- EXERCISE OBJECTIVE -
When you reach the line that holds "stadium field with", start copying exactly and keep going through the final line of the data, leaving out pictures.

- RECORDED INFORMATION -

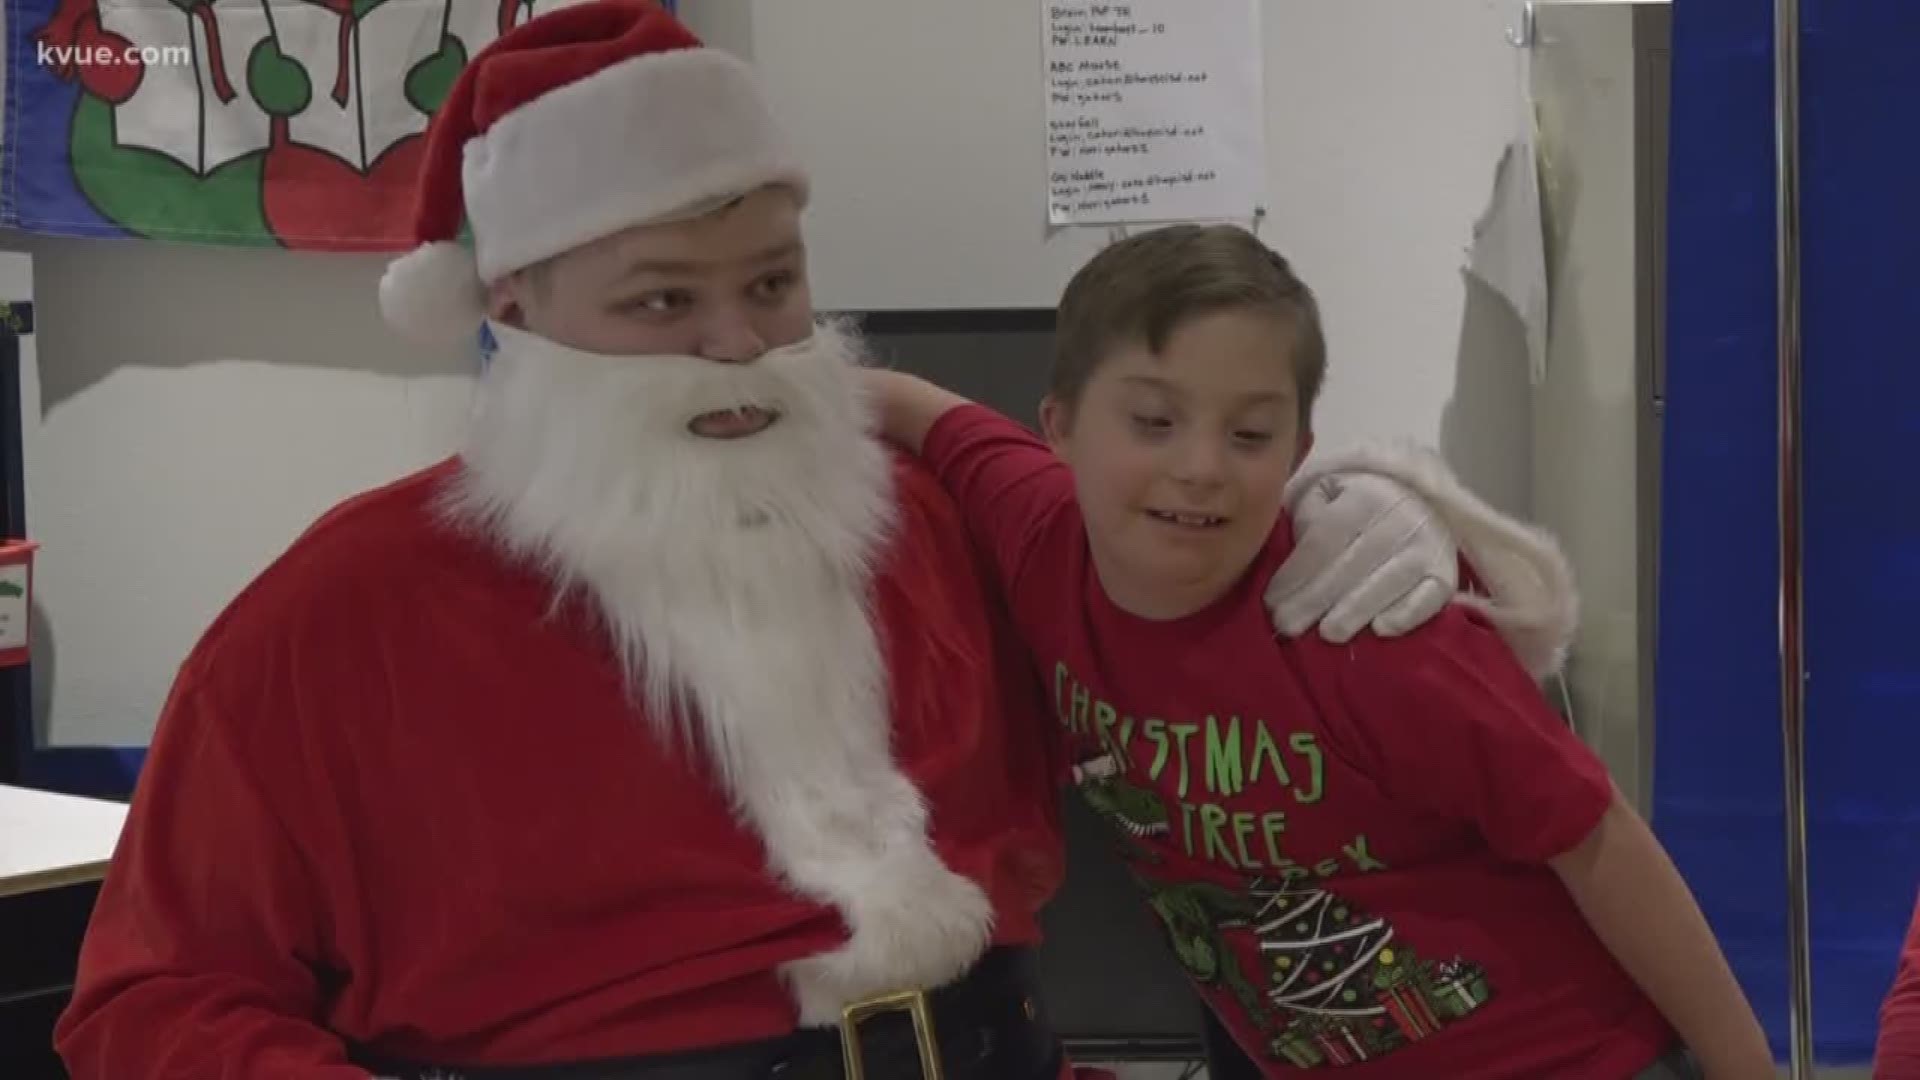 In the spirit of the holidays, a Hays County special needs high school student decided to dress up as Santa Claus and visit Foundational Learning classes at Fuentes Elementary.
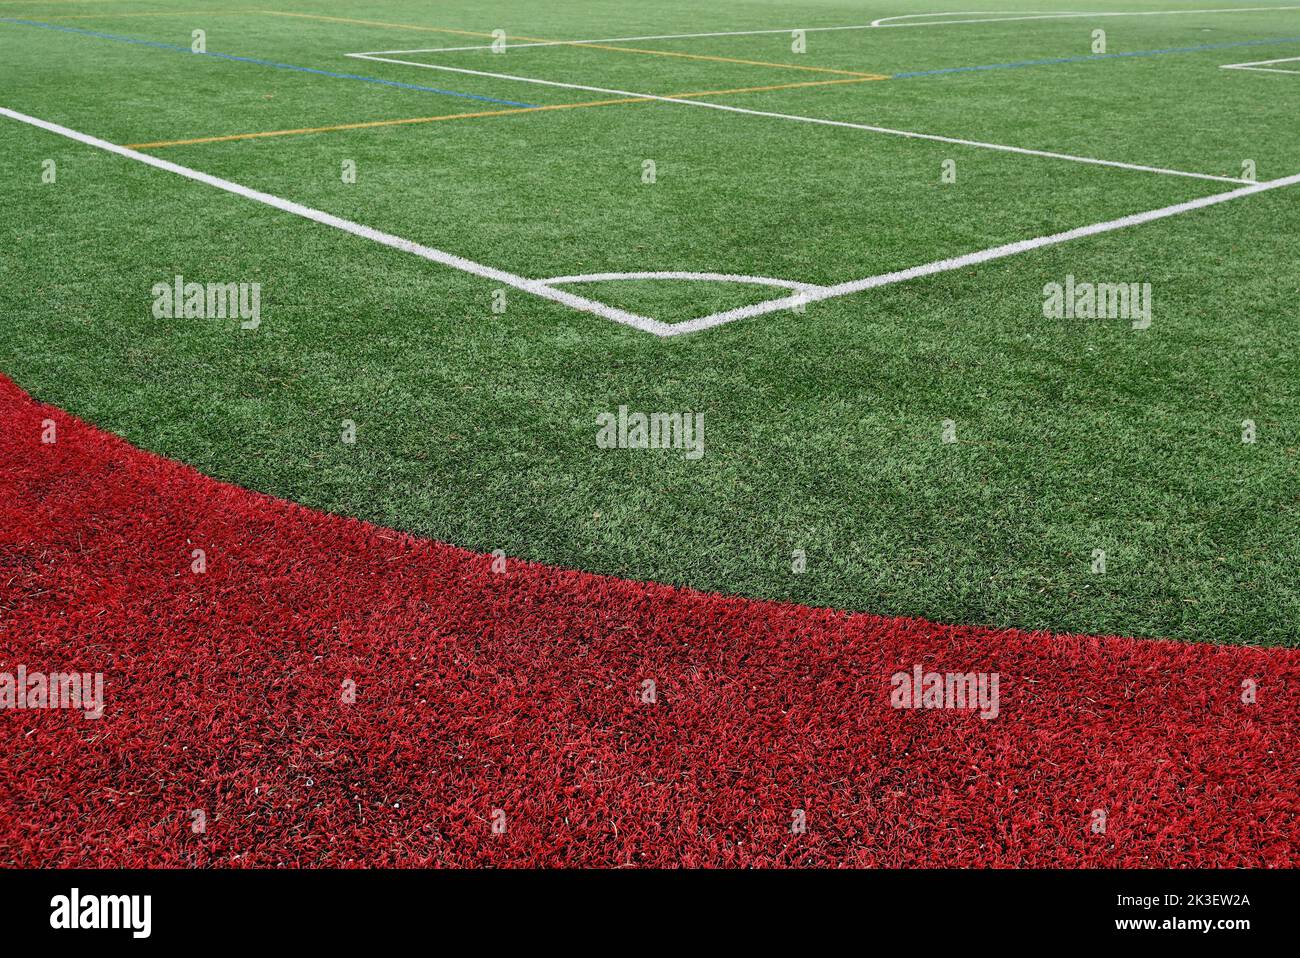 stadium field with artificial turf red and green Stock Photo
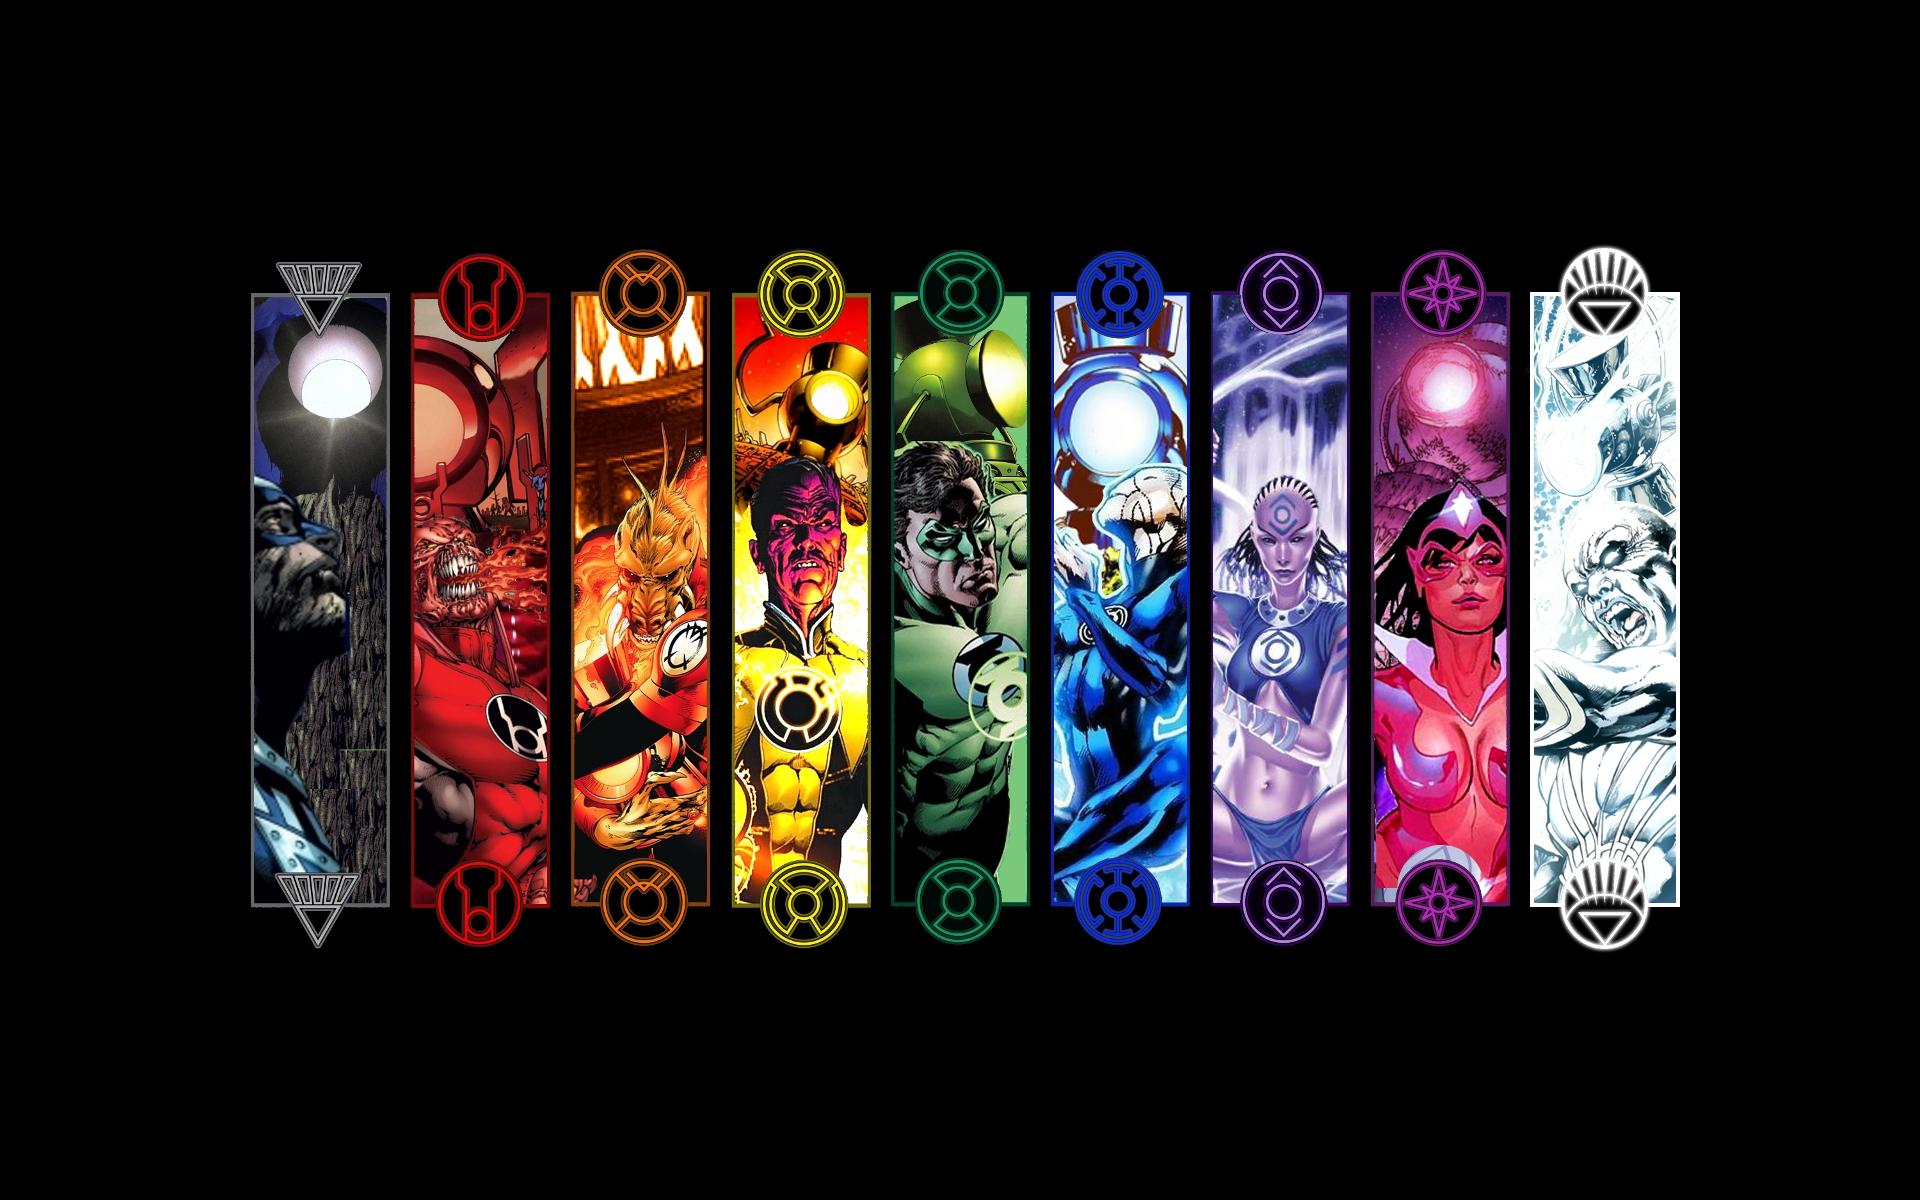 lantern corps wallpaper,glass,stained glass,graphic design,font,recreation
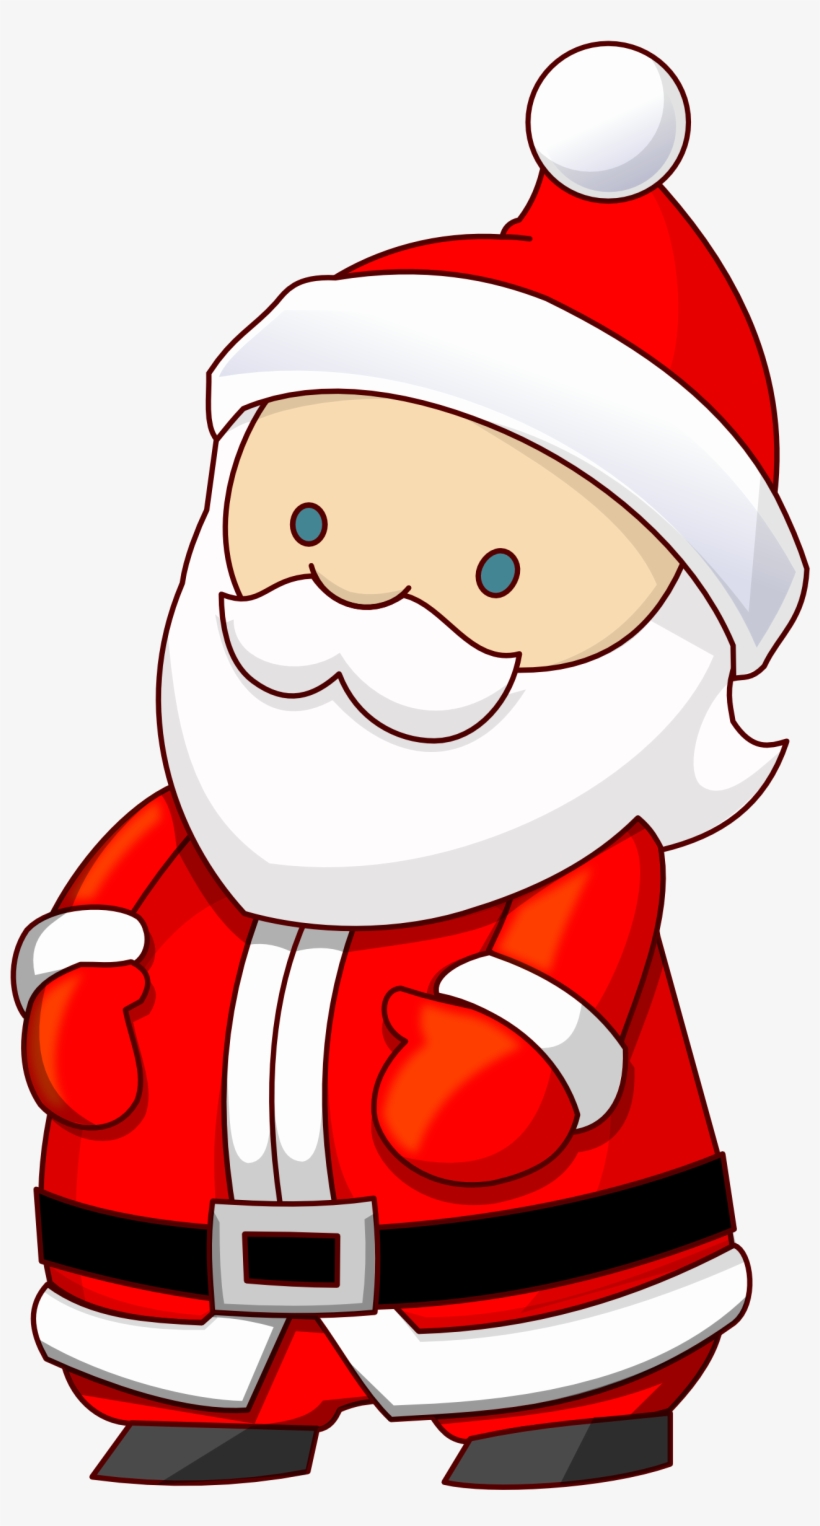 Free To Use Public Domain Christmas Clip Art - Santa Claus Gif Png, transparent png #9852

- RESPONSE -
 stadium field with artificial turf red and green Stock Photo
 lantern corps wallpaper,glass,stained glass,graphic design,font,recreation
 Free To Use Public Domain Christmas Clip Art - Santa Claus Gif Png, transparent png #9852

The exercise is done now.